评论:很有借鉴意义,尤其在系统测试时。如果一个服务器承载了太多的初始化工作,和太多的初始数据装入和验证,一定好好好测试,保障在预定的时间内(应该是秒级或是分钟级)能完成相应的工作。如果不能,那么,可能需要重构系统,比如sharding,不让一个服务器负担太重。

The index subsystem was the first of the two affected subsystems that needed to be restarted. By 12:26PM PST, the index subsystem had activated enough capacity to begin servicing S3 GET, LIST, and DELETE requests. By 1:18PM PST, the index subsystem was fully recovered and GET, LIST, and DELETE APIs were functioning normally.

索引子系统是需要重新启动的两个受影响的子系统中的第一个。截至PST的12:26 PM,索引子系统已激活足够的容量来开始服务S3 GET,LIST和DELETE请求。在PST下午1:18 PM之前,索引子系统已完全恢复,GET,LIST和DELETE API正常工作。

评论:从9:37AM到12:26PM,索引子系统的重启和恢复时间够长的。主要时间时安全检查和元数据验证。这些,估计之前都没有这么大规模负载测试过。所有提供公有云服务或是SaaS的公司,如果有很多用户,都需要好好检查和测试一下这个场景!

The S3 PUT API also required the placement subsystem. The placement subsystem began recovery when the index subsystem was functional and finished recovery at 1:54PM PST. At this point, S3 was operating normally.
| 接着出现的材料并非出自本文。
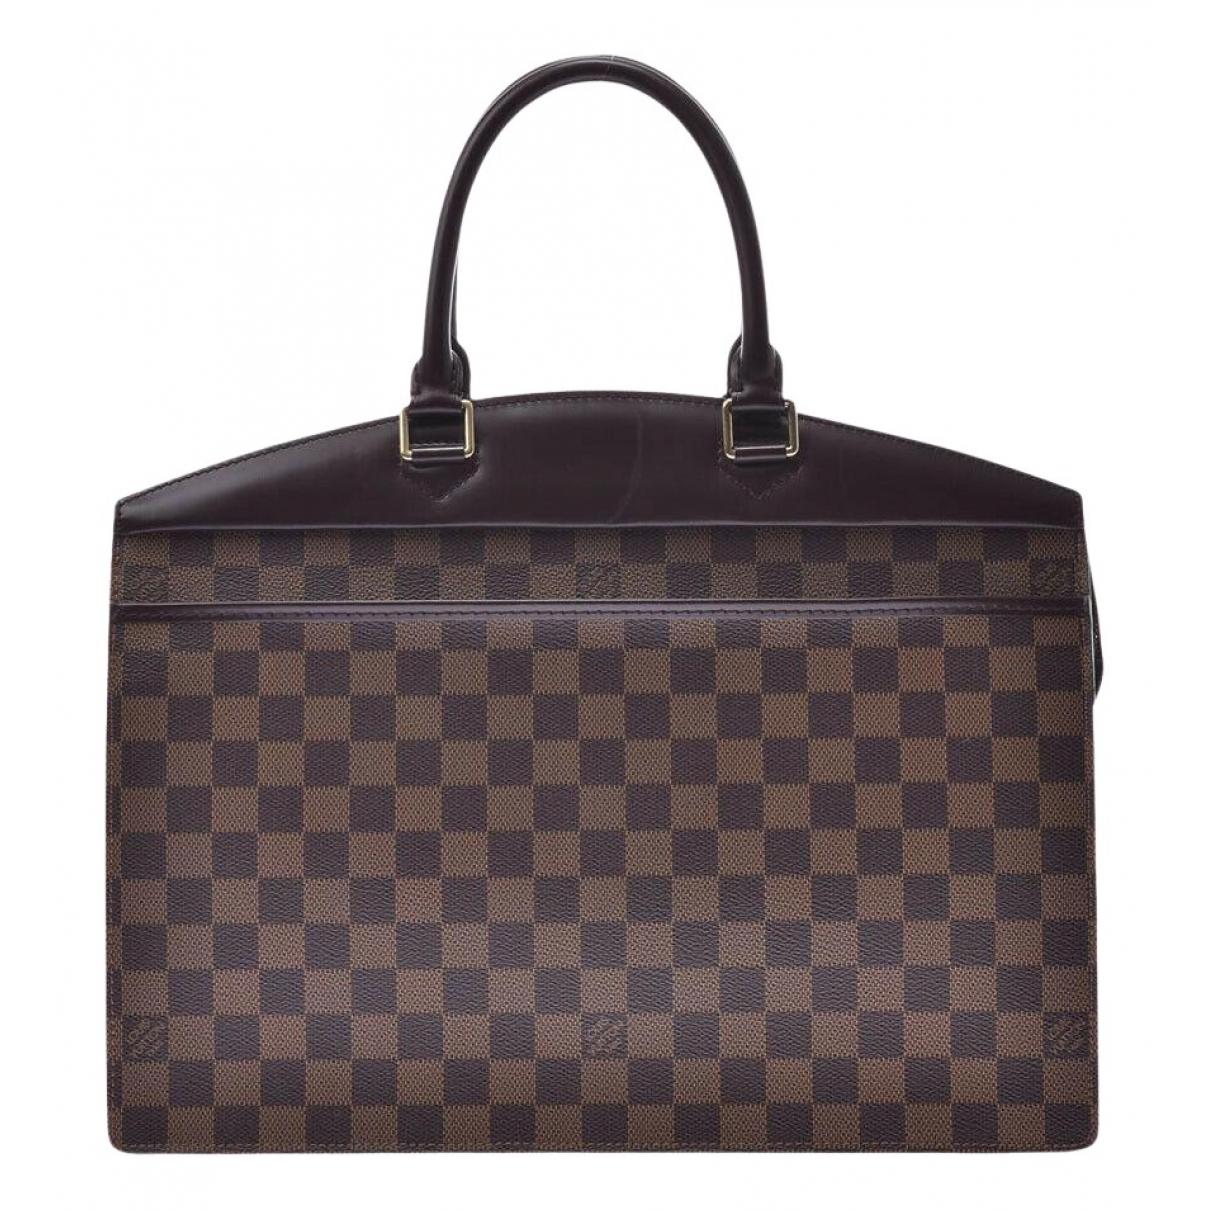 Louis Vuitton - Sac a main Riviera  pour femme en toile - marron

Other AWS services that were impacted by this event began recovering. Some of these services had accumulated a backlog of work during the S3 disruption and required additional time to fully recover.

S3 PUT API还需要放置子系统。当索引子系统运行并且在PST下午1:54完成恢复时,放置子系统开始恢复。此时,S3正常工作。受此事件影响的其他AWS服务开始恢复。其中一些服务在S3中断期间积累了积压的工作,需要额外的时间才能完全恢复。
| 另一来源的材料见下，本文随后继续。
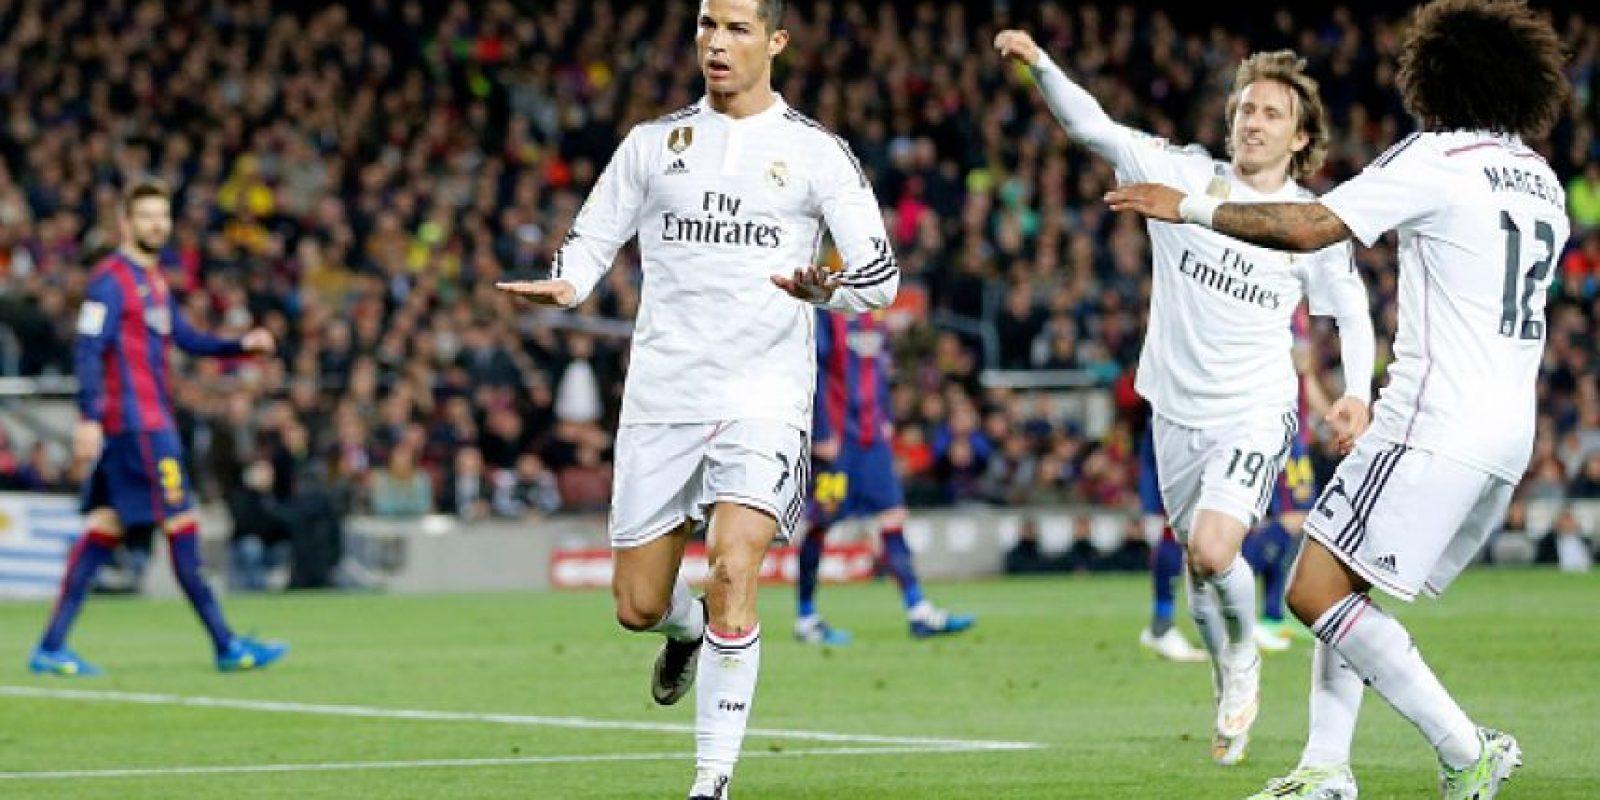 En octubre de 2013, Cristiano celebró con un saludo militar, luego de que Joseph Blatter, presidente de la FIFA, elogiara a Messi y se burlara de él llamándolo 'comandante'. Foto:Getty Images

评论:另外一个注意点,积压工作处理时间。现在很多的系统都是异步系统,都会使用类似Queue的东西来维护异步任务,前端可以无间断接受用户需求和任务,放到Queue里,然后等待Callback。后台服务器从Queue里拿取任务,完成后告诉前端。那么,这时涉及到系统恢复时,必须考虑这些积压在Queue里的工作需要处理完成的时间,才是系统恢复所需的总时间。

We are making several changes as a result of this operational event. While removal of capacity is a key operational practice, in this instance, the tool used allowed too much capacity to be removed too quickly. We have modified this tool to remove capacity more slowly and added safeguards to prevent capacity from being removed when it will take any subsystem below its minimum required capacity level. This will prevent an incorrect input from triggering a similar event in the future. We are also auditing our other operational tools to ensure we have similar safety checks.

作为此次操作事件的结果,我们正在进行几项更改。虽然移除容量是关键的操作实践,在这种情况下,所使用的工具允许太多的容量被移除太快。我们已修改此工具以更缓慢地删除容量,并增加了安全措施,以防止在任何子系统低于其最低所需容量级别时删除容量。这将防止不正确的输入在将来触发类似的事件。我们也在审核我们的其他操作工具,以确保我们有类似的安全检查。

评论:自动化运维,时时,没一步,要考虑安全检查!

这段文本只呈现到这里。